How many different ways can you put 3 distinguishable things in 10 boxes?
Assuming the 10 boxes are distinguishable or ordered.
There are 10 ways to put the first item, 10 for the second, and 10 for the third. So by the multiplication rule, there are 10^3 ways to place the three objects.
Okay, but what if the maximum that each box can hold is 2?
What do you do when you have the third object to be placed and supposed to place in a box already filled with two object?
You would skip that case.
How many of these cases do we have?
To determine the number of different ways you can put 3 distinguishable things in 10 boxes, we can use the concept of permutations.
In this case, we have 3 distinguishable things (let's represent them as A, B, and C) and 10 distinguishable boxes (represented as B1, B2, B3, ..., B10).
To solve this problem, we can think of each distinguishable thing as a distinct choice for each box.

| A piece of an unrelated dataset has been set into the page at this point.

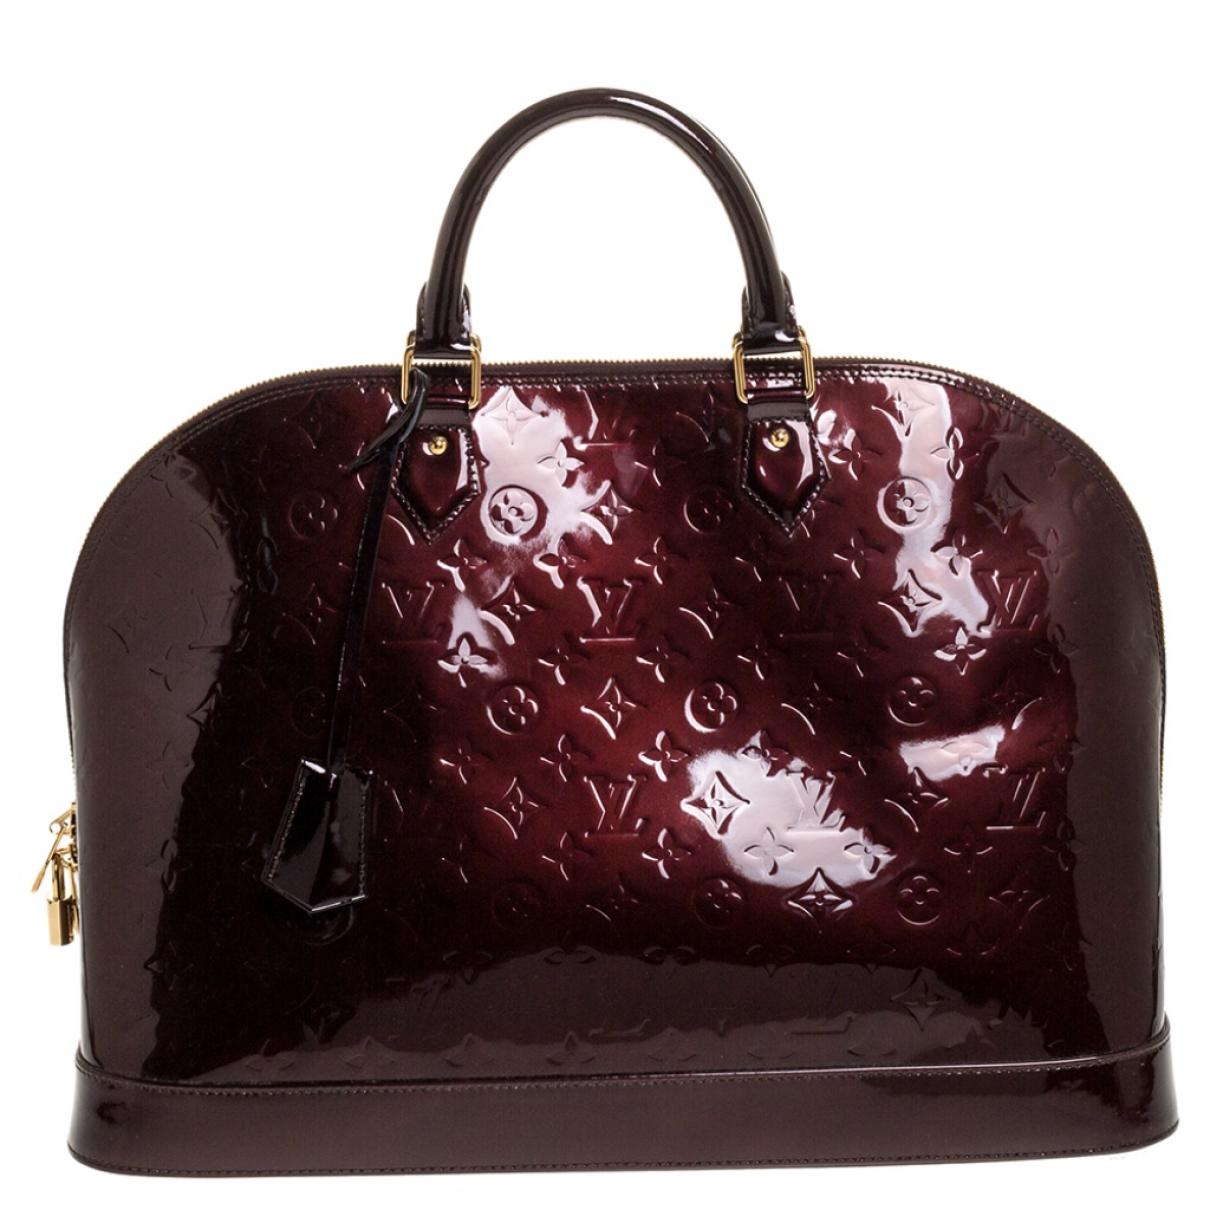 Louis Vuitton Alma Patent leather handbag for Women N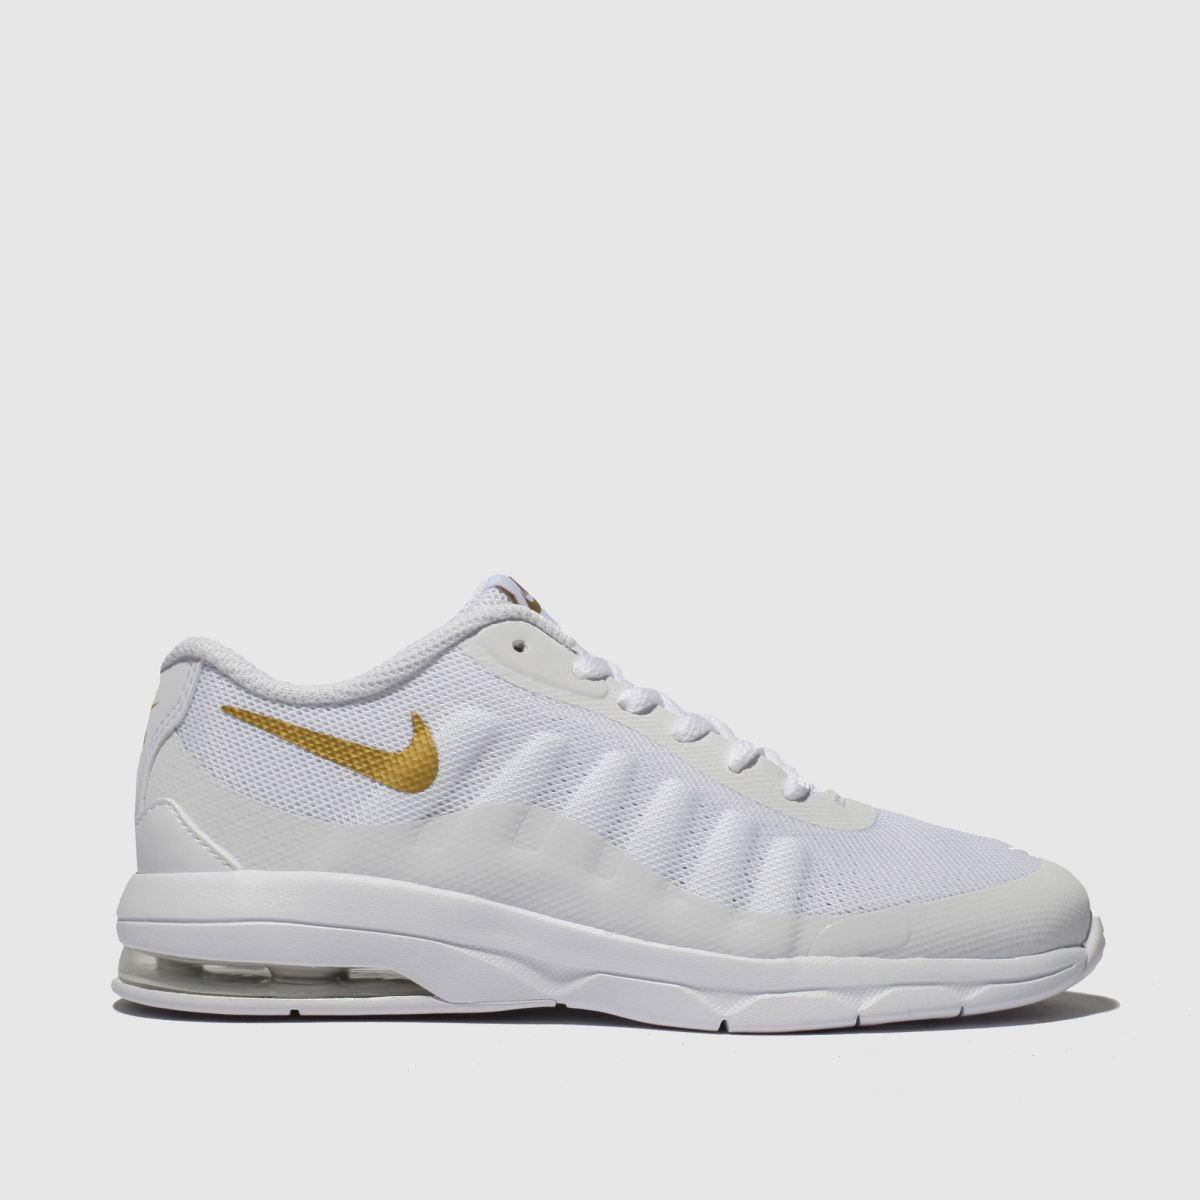 Nike White & Gold Air Max Invigor Trainers Junior

So, for the first box, we have 3 choices (A, B, or C). For the second box, we have 2 choices (since we have already placed one object in the first box). Finally, for the third box, we have only 1 choice (since we have already placed two objects in the previous two boxes).
Using the fundamental principle of counting, we multiply the number of choices together:
3 choices for the first box * 2 choices for the second box * 1 choice for the third box = 3 * 2 * 1 = 6
Therefore, there are 6 different ways to put 3 distinguishable things in 10 boxes.